* Assigned task: What is needed is an exact copy of the listing, with no pictures in it.
(Dataset section begins)
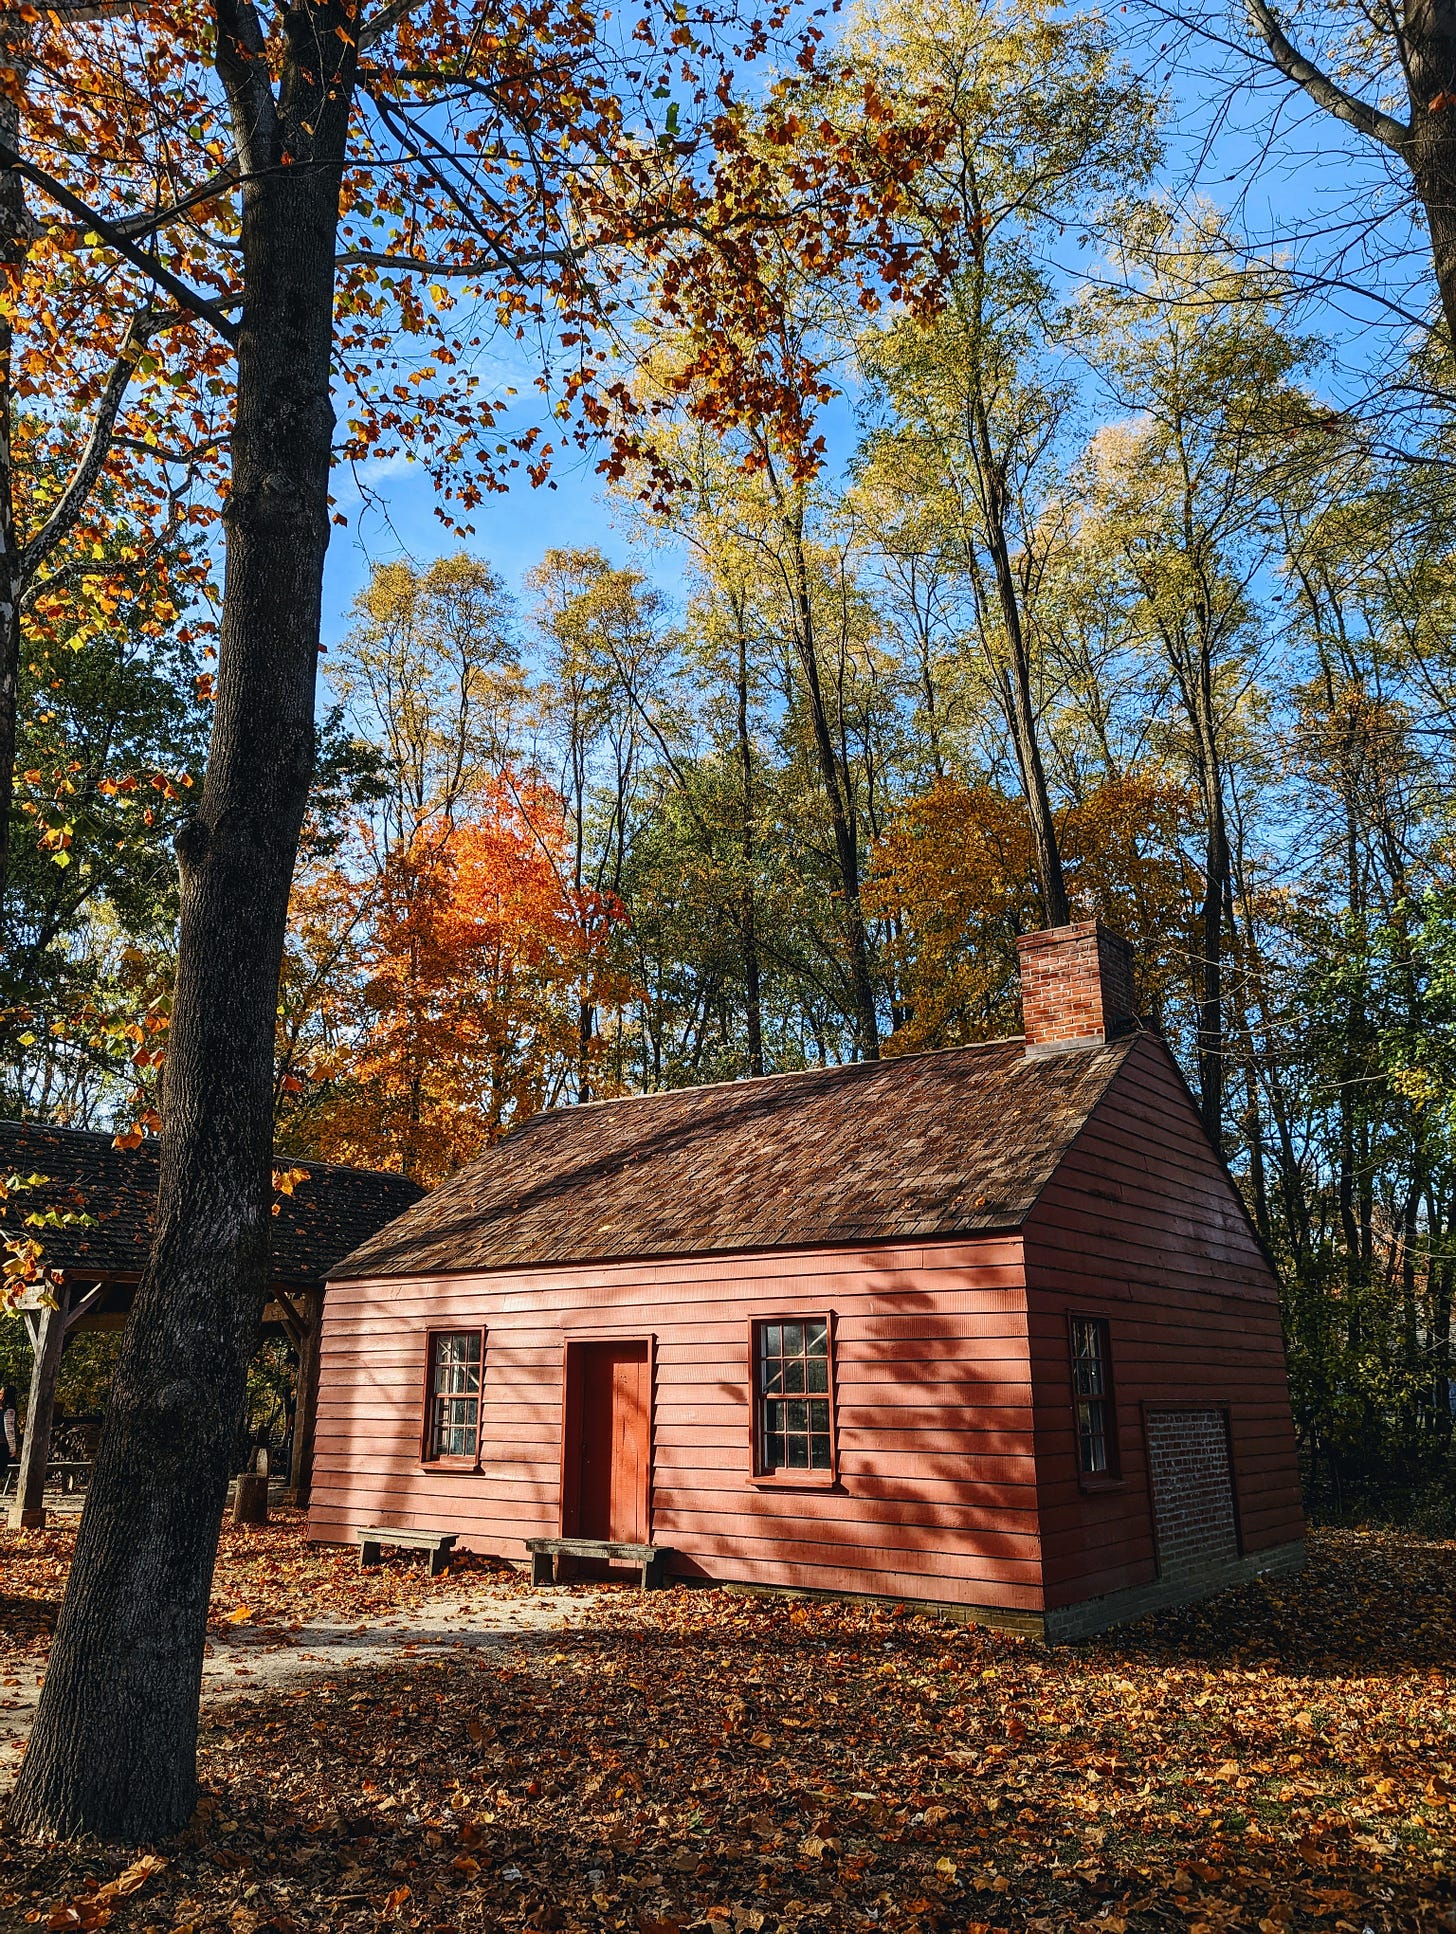 A charming red cabin sits among autumn leaves and trees in the fictional 1836 Prairie Town.
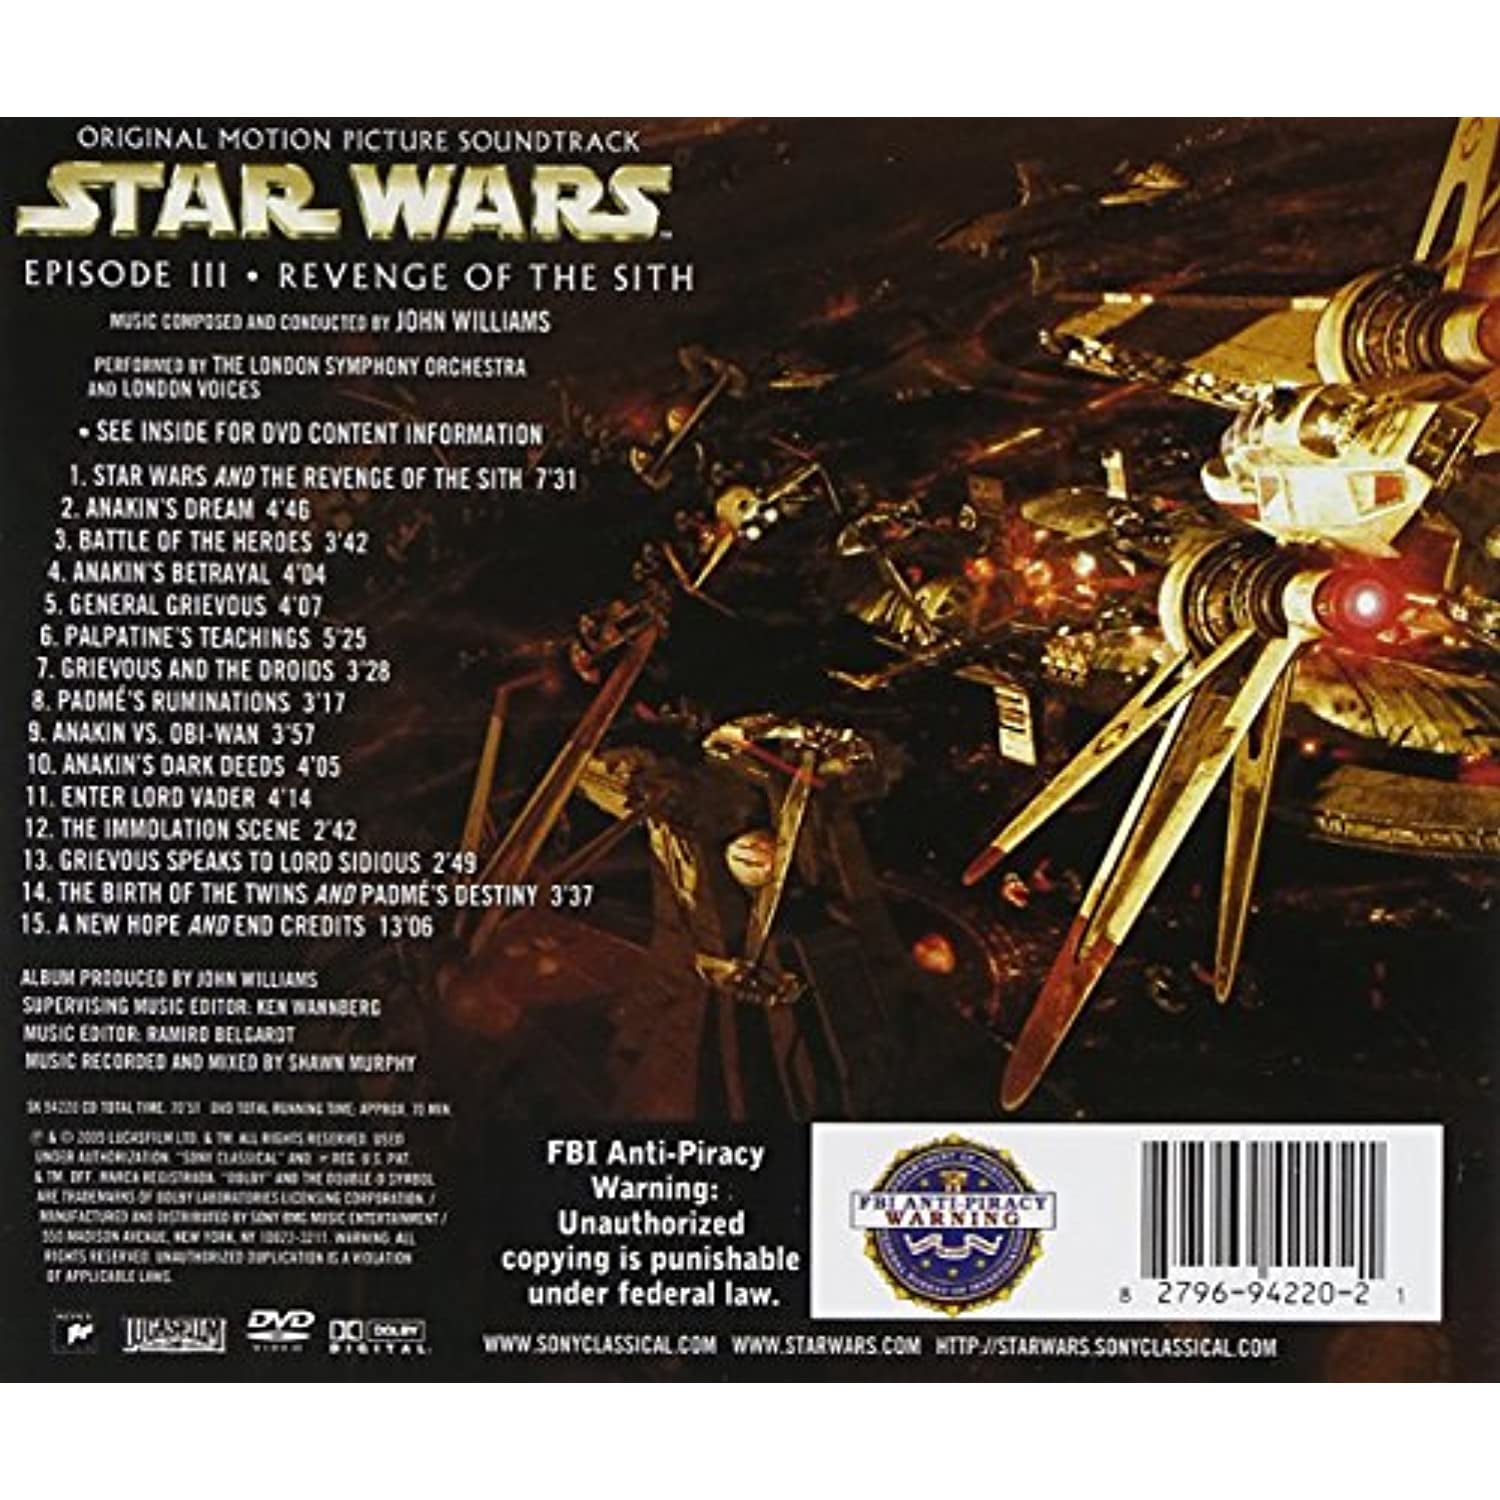 Star Wars: Episode III Revenge Of The Sith (Complete Motion Picture Score)  — John Williams
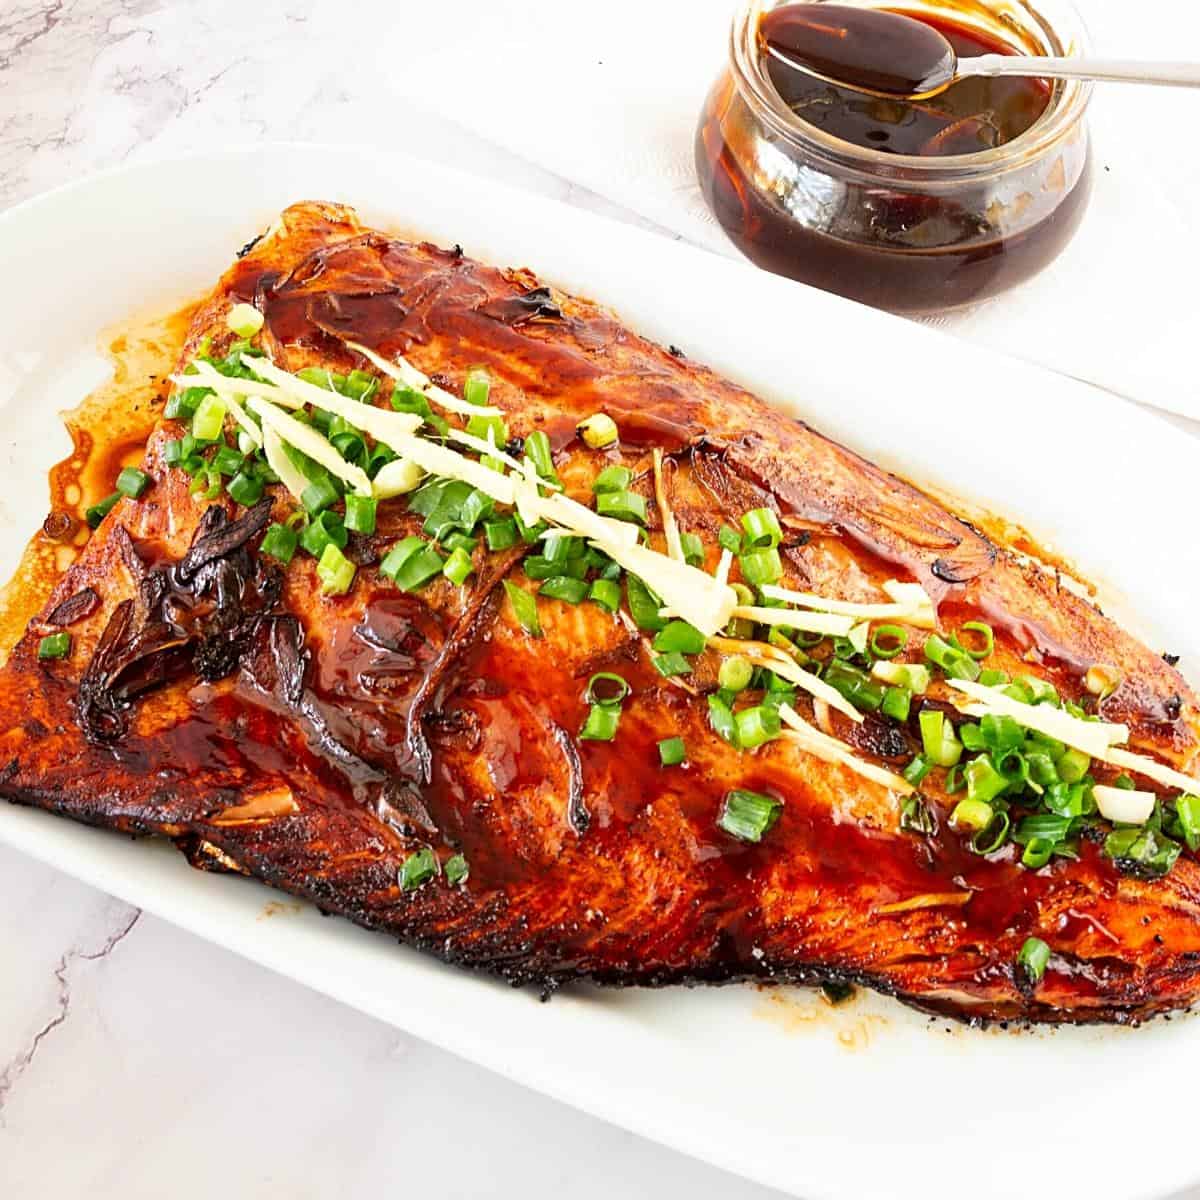 Baked salmon fillet in a platter with teriyaki sauce.
(Dataset section ends)
* Answer for the task:
 A charming red cabin sits among autumn leaves and trees in the fictional 1836 Prairie Town.
 Star Wars: Episode III Revenge Of The Sith (Complete Motion Picture Score)  — John Williams
 Baked salmon fillet in a platter with teriyaki sauce.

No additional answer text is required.